An Account of the Life of that Ancient Servant of Jesus Christ, John Richardson, Giving a Relation of Many of his Trials and Exercises in his Youth, and his Services in the Work of the Ministry, in England Ireland and America.
Bolton, (Mass.): Re-Published by Daniel Cooledge, 10th mo. 1807. Evidently a reissue of the sheets of the 1783 American edition. 8vo (8.13 x 5.13 inches), contemporary tooled leather cover mounted over the boards and secured with pasted-down free endpapers, red morocco spine label visible through cut window, [2], vi, 236 pages. Some foxing and light wear; the leather cover is a bit rubbed in spots, but overall a quite handsome and very good copy. Item #20881
A curious instance of subscription publication, with the printed notice at the foot of the subscription list, “The design of the intended publisher, of a new Edition of the Life of John Richardson, bring frustrated by a competent number of Subscribers not being returned, and he hearing of an old Edition, printed many years since in Philadelphia, and feeling willing to gratify the solicitude of those who were anxious to obtain them, has purchased enough to supply those who have subscribed. And as the quality and size of the Book is as much as one third better than a new Edition could be afforded at the subscription price, he presumes none will object to receiving them; but if so, they are left to their choice.”
First published in London in 1757 (with subsequent English editions), Richardson’s journal was first published in Philadelphia by Dunlap in 1759 as an appendage to Bownas’s Journal, then separately published by Cruikshank in 1783; this issue would seem to have been a practical solution to the professed publication problems on the part of Cooledge and his subscription plan.
Cooledge seems to have had roots in Worcester County, Mass., though he appears by this point to have shifted operations to Walpole, New Hampshire, at least per a brief account in the “Notes & Queries” of the 11th month 1912 issue of the Bulletin of the Friends Historical Society of Philadelphia. (Cooledge reappears in the columns of Marcus McCorison’s paper in PBSA 104:2, “Printers and the Law: The Trials of Publishing Obscene Libel in Early America,” where our Friend is ratting out Vermont printers in an 1818 letter to the governor of New Hampshire for publishing two clandestine editions of Fanny Hill; McCorison characterizes Cooledge as a Quaker bookbinder.)
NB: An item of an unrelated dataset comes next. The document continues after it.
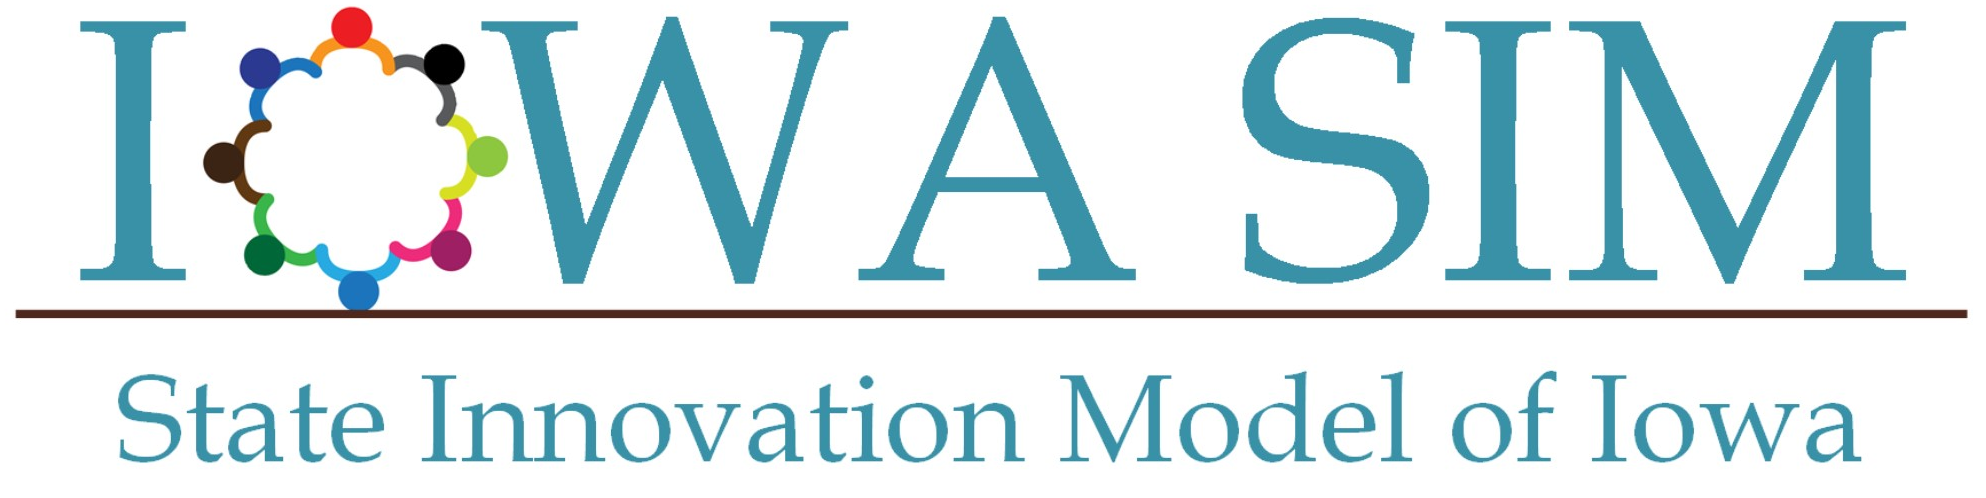 State Innovation Model of Iowa's (SIM) logo.

This copy with the ink autograph inscription opposite the title page, “No. 24. - $0.85 Second Social Library in Royalston, April 1st, 1812,” with a note in another hand below that, “Let out to Lyman Ruggle.”
With contemporary tallow
A brief note to the rear blank remarks, “Page 127 two tallow spots” (uncommon explicit evidence of the use of lighting while reading) and another note regarding the text below that.
American Imprints 13497; Sabin 71023; see Evans 18158 & ESTC W10111 for the Cruikshank edition of vi, 236, [2] pages.